Kathy Kiuna, Karanja (born July 18, 1973), is a Kenyan Pentecostal minister and a prosperity gospel preacher. She is a bishop and co-founder of Jubilee Christian Church (JCC) Parklands, a corporate Neo-Pentecostal church in Nairobi, Kenya. Kiuna is a gospel singer, praise and worship leader, marriage counselor and an author. She also founded the Daughters of Zion movement, which empowers girls and women, and host of a television program called "Women Without Limits" that features inspiring stories of women who have overcome the odds to achieve their goals and success. Kiuna is additionally the founder of Daughters of Zion Mentorship program, which prepares women for church ministry and community development. JCC has 21 branches worldwide including Jubilee Christian Church, Atlanta and Jubilee Christian Church, Nottingham, as well as Jubilee Christian Church, Burundi.

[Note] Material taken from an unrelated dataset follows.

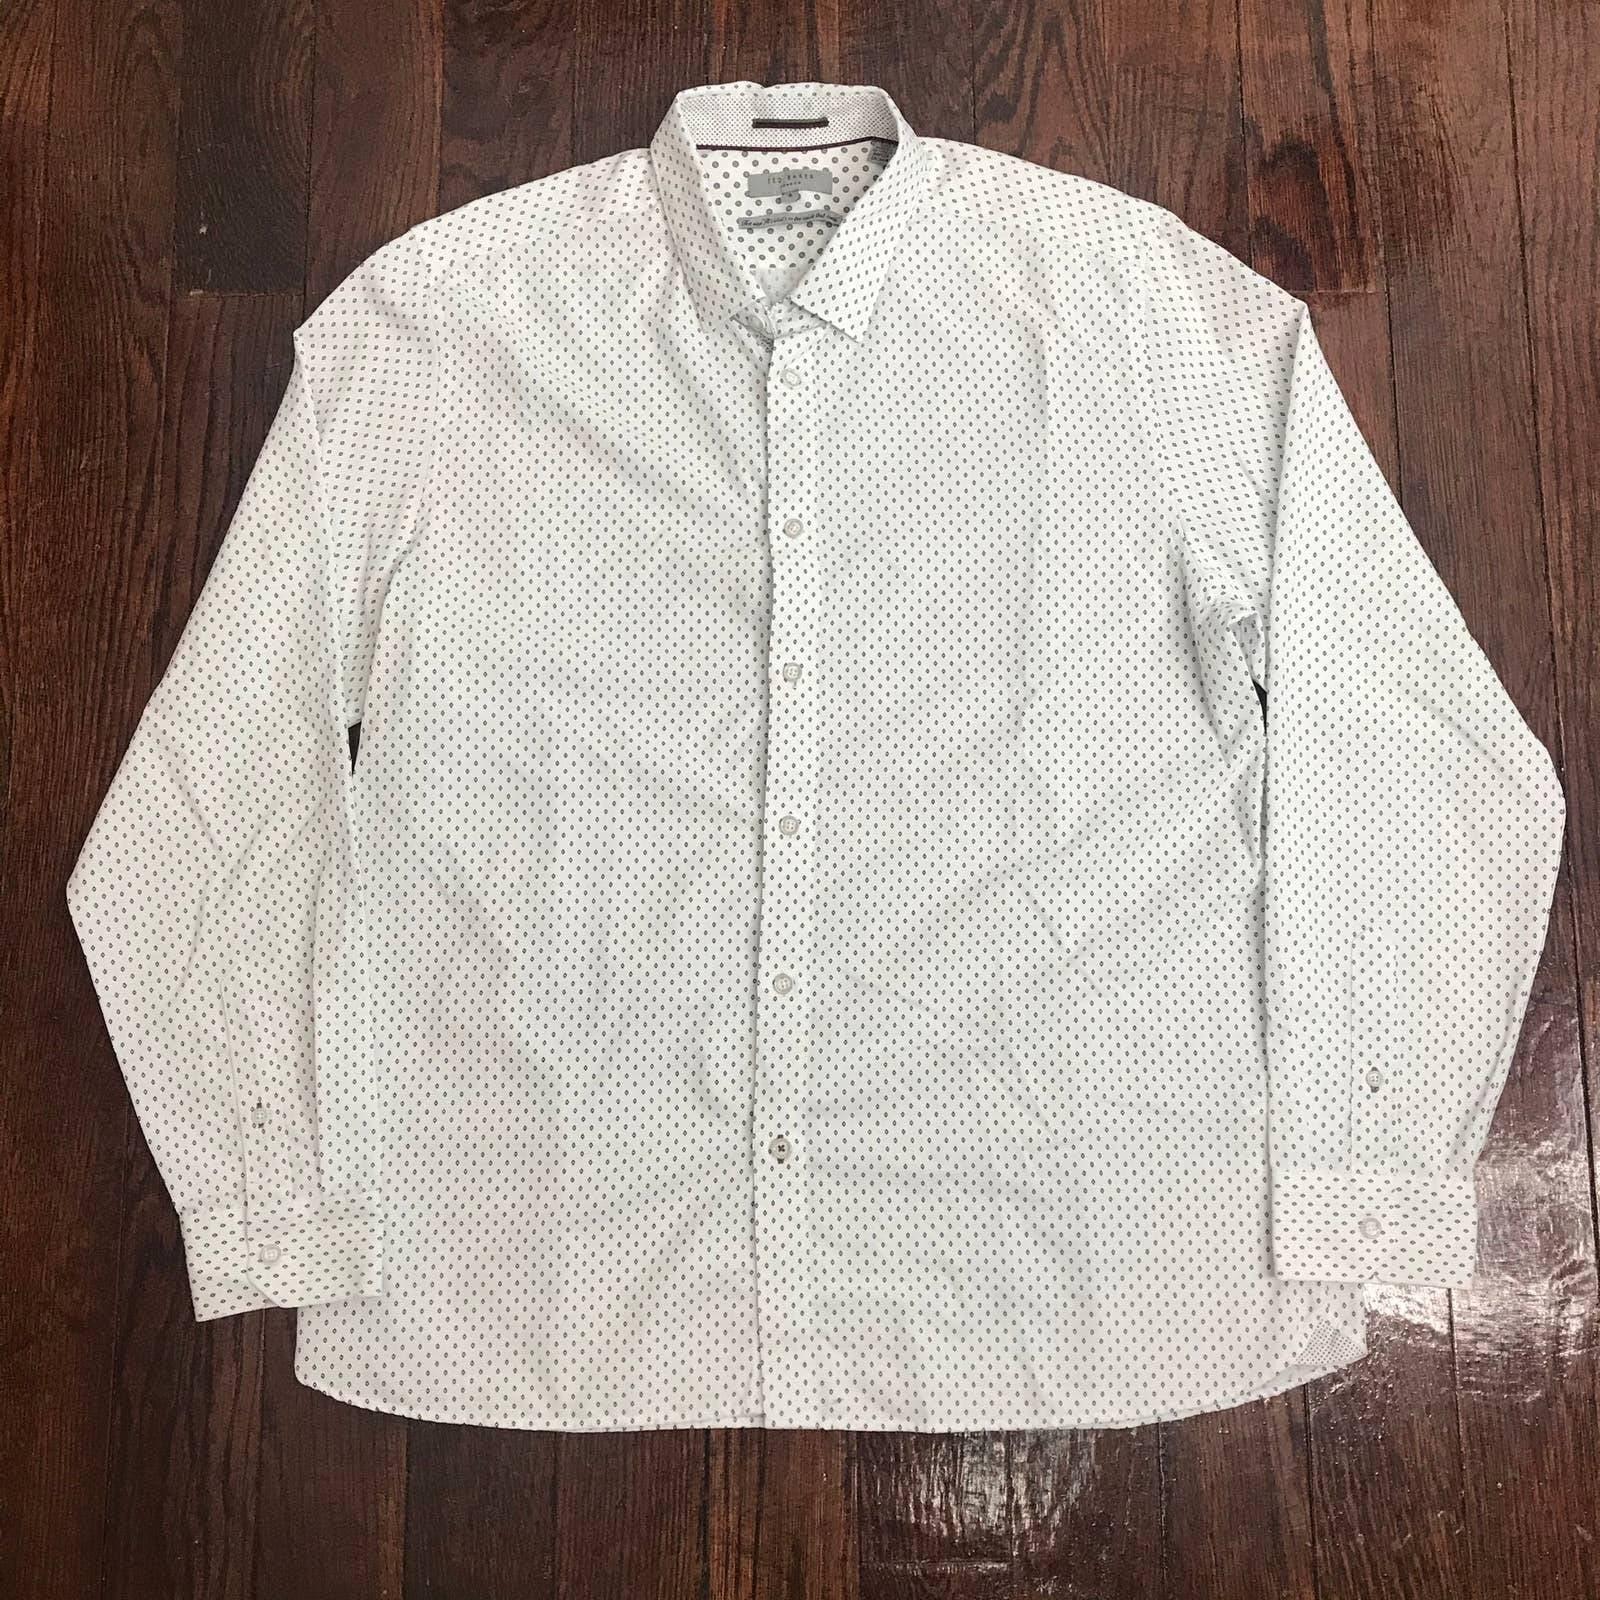 Ted Baker London Button Dress Shirt Sz 6

== Early life, education and work ==
Kathy Kiuna was born Catherine Wangūi Karanja, on July 18, 1973, in Thìndìgua Kìambu District (now Kiambu County) in Kenya. She is the third of five children, born to Sarah Wambūi and David Karanja. After high school, Kiuna enrolled at Queensway Secretarial College and earned a Diploma in Secretarial studies. She also holds a Diploma in Counselling Psychology from Amani Counselling Centre, affiliated with Tangaza University. Kiuna worked as a secretary at Top Lease and Holding before venturing into church ministry work.

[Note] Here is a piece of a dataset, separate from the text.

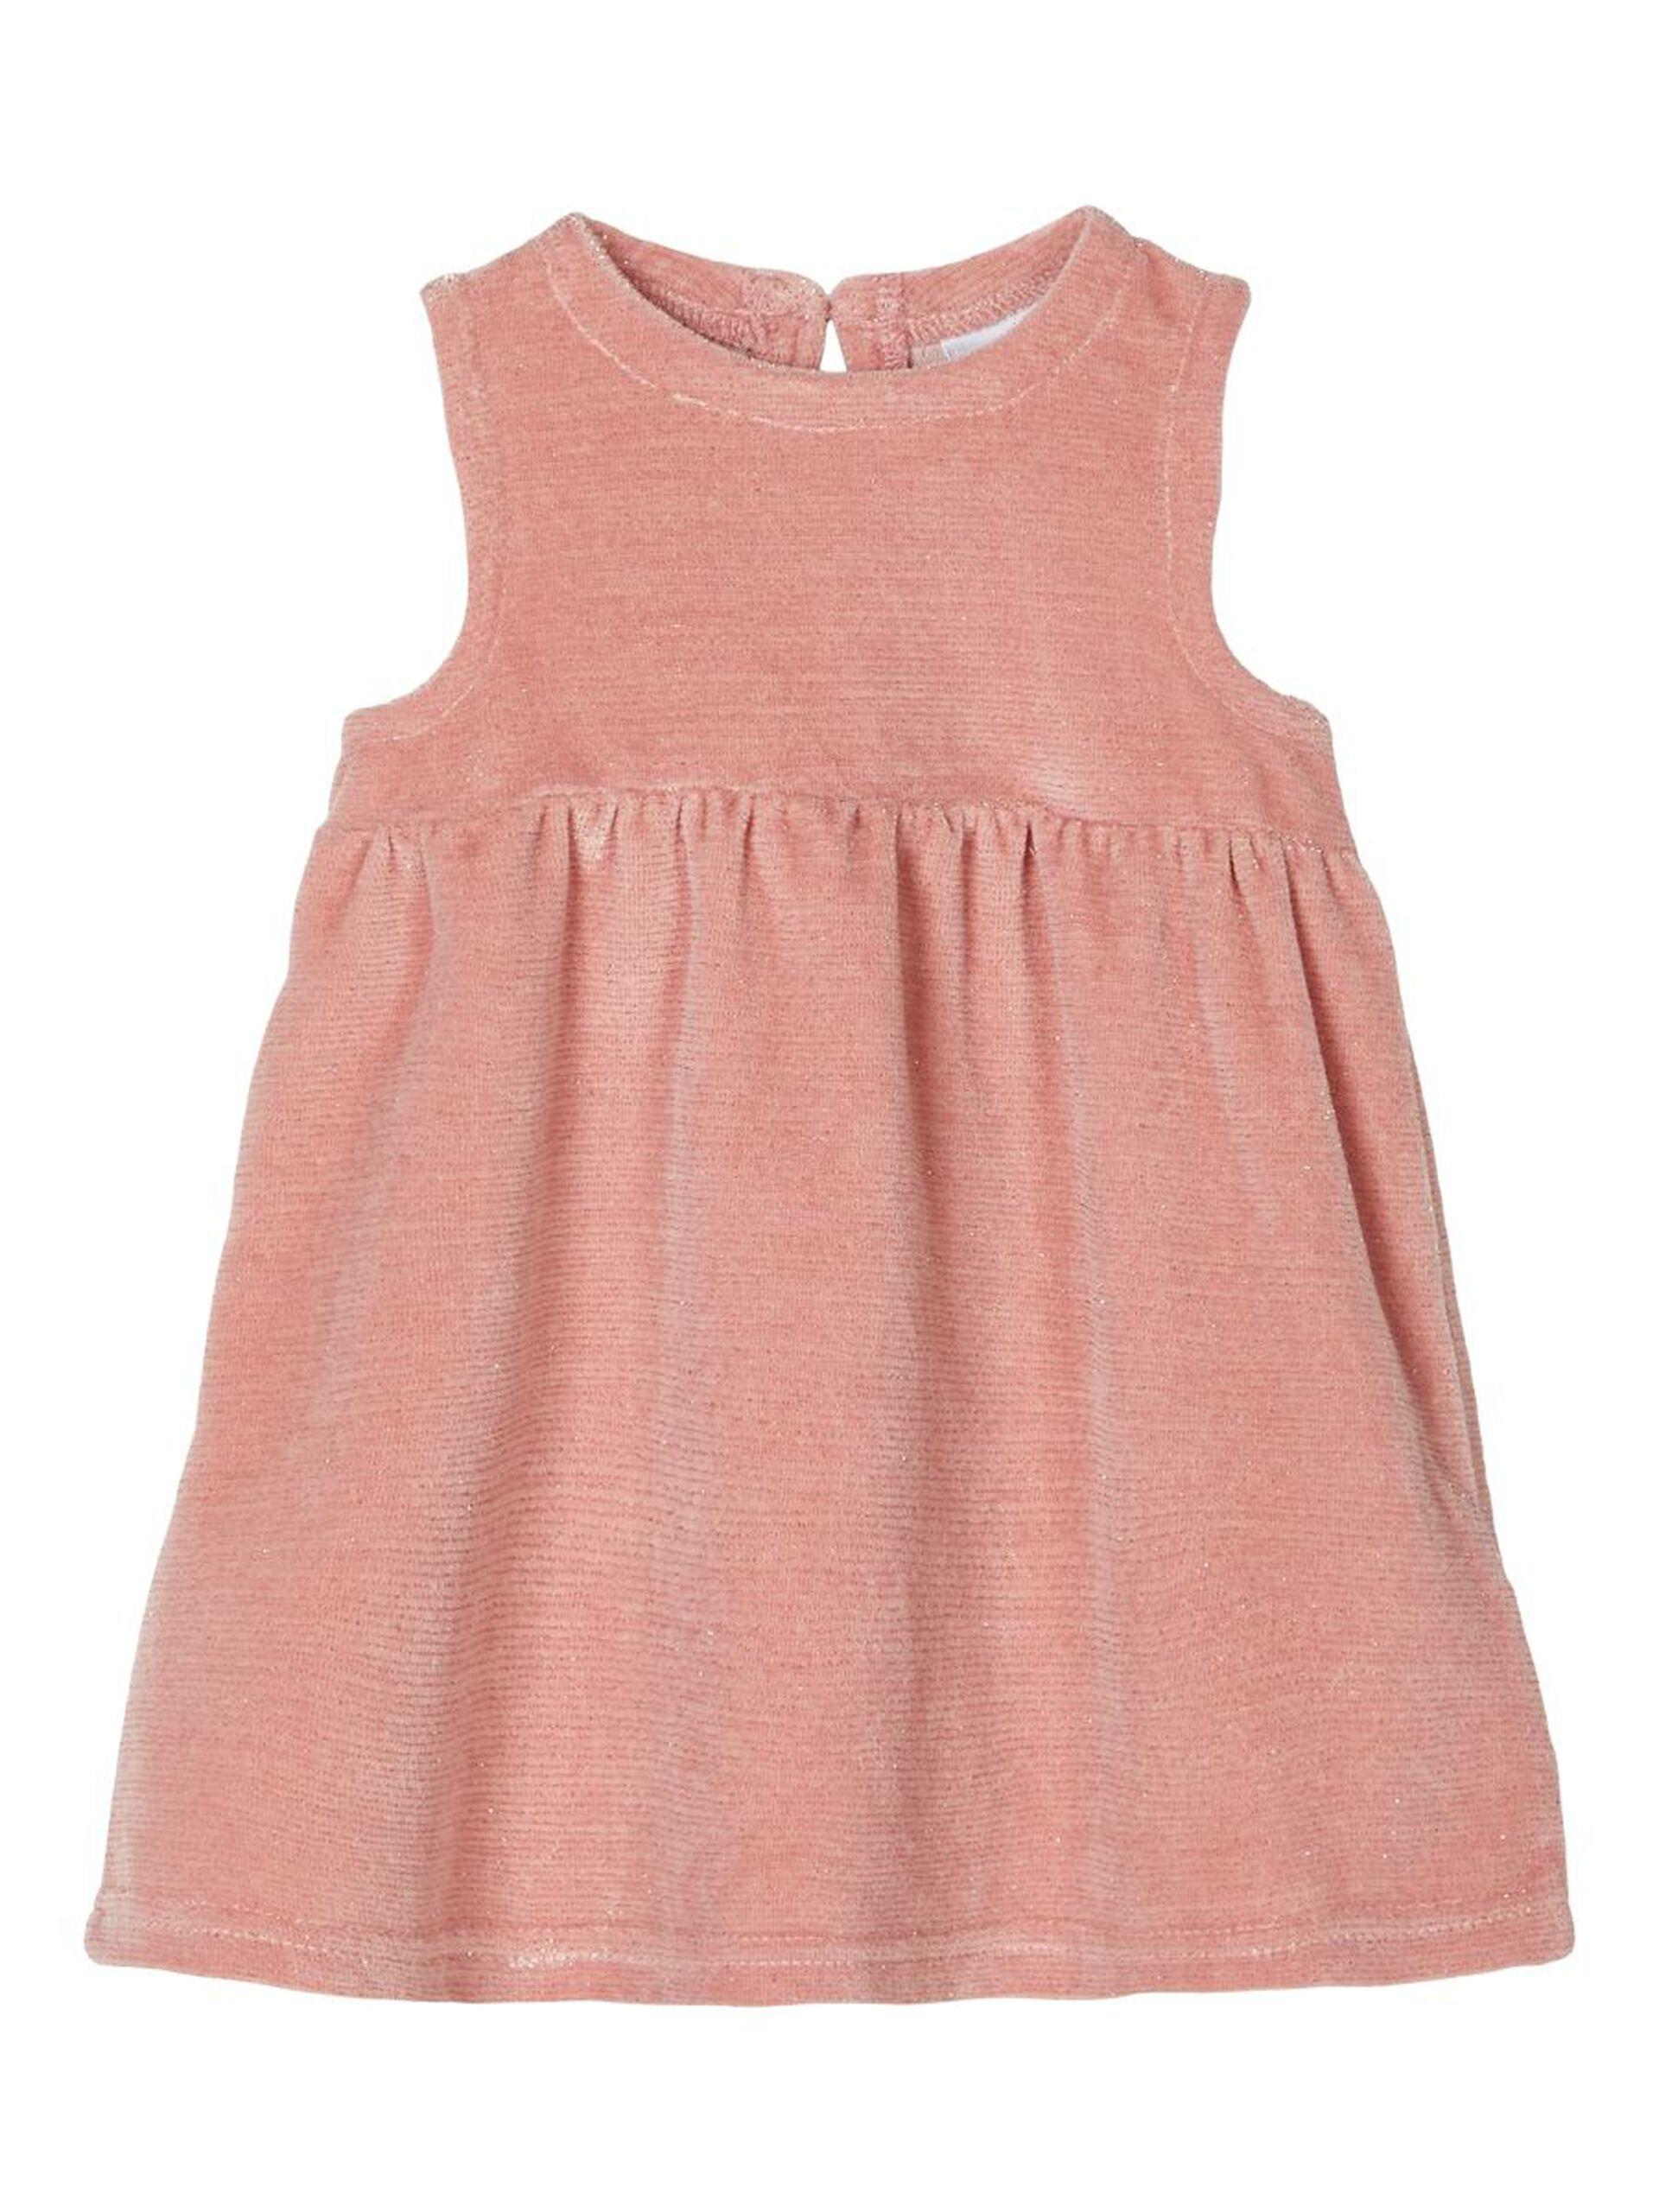 Rosa kjole baby

== Family life and church ministry ==
She married Bishop Allan Kiuna in 1994 and they have three children. In 1999, she co-founded the Jubilee Christian Church (JCC) with her husband Allan Kiuna. JCC is a contemporary Christian organization run like a business, applying market place rhetoric and marketing principles to maximize profits. The church has 21 branches, of which 18 are in Kenya, one in Burundi, one in Nottingham and one in Atlanta. Kiuna started her church ministry work as a praise and worship leader and later became an associate pastor. In 2003, Kiuna founded the Daughters of Zion (DoZ) ministry within JCC to address women's issues in the church and society. The DoZ brought Kiuna into prominence, leading her to launch the 'Women Without Limits' television program that was aired weekly on a national broadcasting station and later on YouTube. Through the 'Women Without Limits' program, Kiuna utilizes motivational talks, spiritual and scriptural affirmations to foster empowerment through spiritual capital and religious language. The DoZ is a monthly meeting that attracts women from various social backgrounds. The ministry has grown to thousands of followers and Kiuna hosts an annual Daughters of Zion convention that brings together various Pentecostal pastors and evangelists from around the world. Under Kiuna's leadership the daughters of Zion ministry has expanded to include a cooperative society for savings and loans to help women start businesses, supporting the ministry's goal of raising the standard among women. After her husband's death in 2024, Kiuna was ordained as the bishop of JCC and now leads the 21 member ministries.

== Selected works ==

- Kiuna, A. & Kiuna, K. (2006). Appointment with Destiny. A Moving Testimony of God's Love and Faithfulness. Nairobi. Jubilee Publishers.
- Kiuna, A. & Kiuna, K. (2010). The Promise Guidebook: A Handbook for Appropriating Divine Promises In Your Life. Nairobi. Jubilee Publishers.
- Kiuna, A. & Kiuna, K. (2012). Marriage Works. Nairobi. Jubilee Publishers.
- Kiuna, K. (2016). Transformed Woman. Nairobi. Jubilee Publishers.
- Kiuna, K. (2020). LET ME GO: Breaking the shackles of insecurity. Jubilee Publishers {e-book}.
- Kiuna, K. (2023). Intimacy with God. Jubilee Publishers {e-book}.